Lancha Saamraajya is a pedestrian effort

By R G Vijayasarathy
April 16, 2007 15:25 IST

Lancha Saamraajya  (The Kingdom of Corruption) starts off well as a satire with the devil of corruption taking on a crusader called Dattanna. 

Devil tells Dattanna that he will fail in his mission to eradicate corruption and end up as a loser despite putting up a good fight. But as the film progresses, you find that director Boodal Krishnamurthy wants to make one more run of the mill commercial film.

To add to the misery, you have two item songs followed by two sexy numbers. Thankfully, the dialogues written by Chaithanya Prabhu have some substance. But you need to have immense patience to sit through the film.

Lancha Saamraajya is a collage of several incidents. In a sense it runs like a teleserial with many stories running in different tracks. There is no continuity as every story ends in a sequence except for the one involving the Chief Minister -- a lustful sadist who kills an actress after she refuses to succumb to his demands.

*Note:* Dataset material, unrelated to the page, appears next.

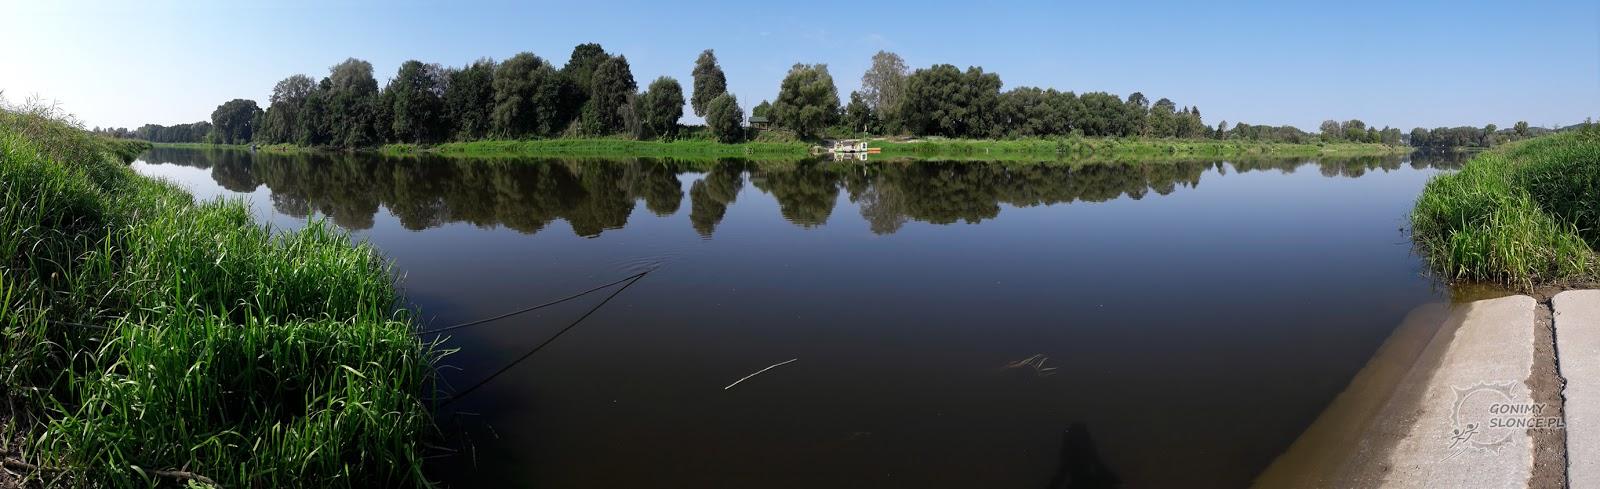 Przystań promowa Zabuże-Mielnik, rzeka Bug

It seems Boodal Krishnamurthy is in a time warp and has followed the narrative style of the sixties and the seventies. This may be one reason why the narration looks highly dramatic. Perhaps to justify the dramatic narrative style, he has selected only theatre artists for the leading roles. 

Master Hirannaiah tries to be as natural as he could in the film. Umashri is also stylised. Both Simha and Umashri have given good performances.

Meanwhile, veterans like Keerthi, Shivakumar, Aravind and even the reliable Ramesh Bhat have overacted in the film.
Camera work by Basavaraju and music by Raju Upendrakumar, son of the late Upendra Kumar is good. 

On the whole, a very pedestrian effort.